Ближе к вечеру того же дня мы погрузились на борт огромного вертолета Ми-17 и поднялись в воздух сквозь брешь в облаках. Через час вертолет приземлился в международном аэропорту Трибхуван; спустившись на землю, мы сразу же попали в чащу микрофонов и телекамер. Мне, как журналисту, было весьма поучительно оказаться по другую сторону барьера. Множество репортеров, в основном японских, желали услышать от нас подробный рассказ о бедствии, изобилующий злодеями и героями. Но хаос и страдания, свидетелем которых мне довелось стать, нелегко было передать словами. Через двадцать минут допроса на солнцепеке мне на помощь пришел Дэвид Скенстед, консул из американского посольства. Он доставил меня в отель «Гаруда».
Затем последовали более тяжелые интервью с другими репортерами, а потом — прогон сквозь строй суровых представителей министерства по туризму. В пятницу вечером, в Катманду, блуждая по аллеям Тамела, я нашел спасение от глубочайшей депрессии. Подав тощему непальскому мальчишке пригоршню рупий, я получил взамен крошечный, завернутый в бумагу пакетик с изображением свирепого тигра. Вскрыв пакетик в своем гостиничном номере, я высыпал его содержимое на лист папиросной бумаги. Бледно-зеленая трава была покрыта клейкой смолой и пахла гнилыми фруктами. Я свернул самокрутку, выкурил ее до конца, свернул вторую, потолще, выкурил до половины, и тут комната начала вращаться.
Я лежал голый поперек кровати и слышал звуки ночи, доносящиеся сквозь открытое окно. Звонки рикш смешивались с гудками автомобилей, призывными криками мелких торговцев, женским смехом и музыкой из соседнего бара. Распластавшись на спине, слишком одурманенный, чтобы двигаться, я закрыл глаза, предоставив липкому предмуссонному зною бальзамом разливаться по моему телу; мне казалось, что я плавлюсь, лежа на матрасе. Череда причудливых цевочных колес и большеносых персонажей комиксов проплывала в неоновом свете перед моим внутренним взором.
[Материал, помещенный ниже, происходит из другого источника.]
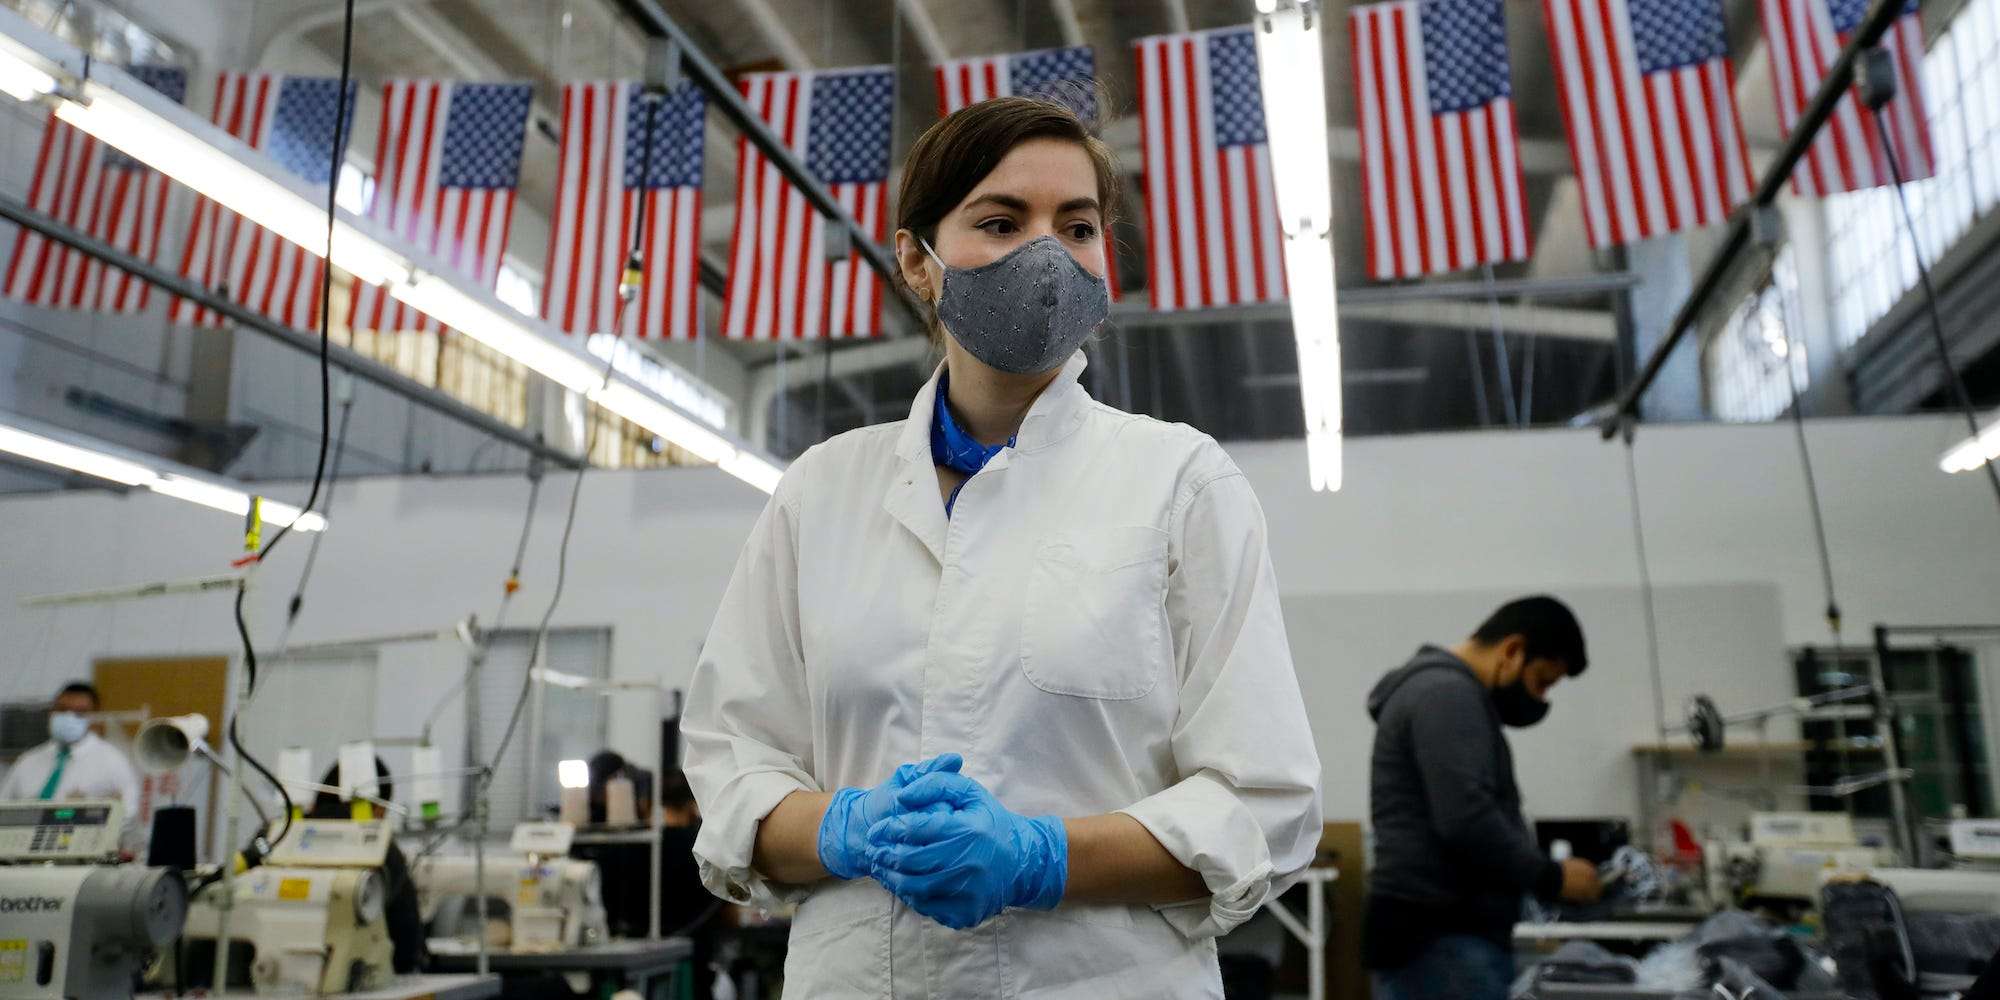 5 Factory Workers Describe Their Work Making Face Shields And Masks

Повернув голову, я уткнулся ухом в мокрое пятно; оказалось, что по моему лицу текли слезы и капали на простыню. Я чувствовал, как во мне кипели и клокотали обида и стыд, поднимаясь по позвоночнику откуда-то изнутри. Извергаясь изо рта и из носа потоками слез и соплей, за первыми рыданиями последовали еще более сильные, а потом еще, еще и еще.
19 мая я вернулся в Штаты и привез с собой две вещи из оснастки Дуга Хансена, чтобы вернуть их тем людям, которые его любили. В аэропорту Сиэтла меня встретили его дети Энджи и Джейм, его подруга Карен-Мари, а также его друзья и родственники. При виде их слез я почувствовал себя глупым, ни на что не способным идиотом.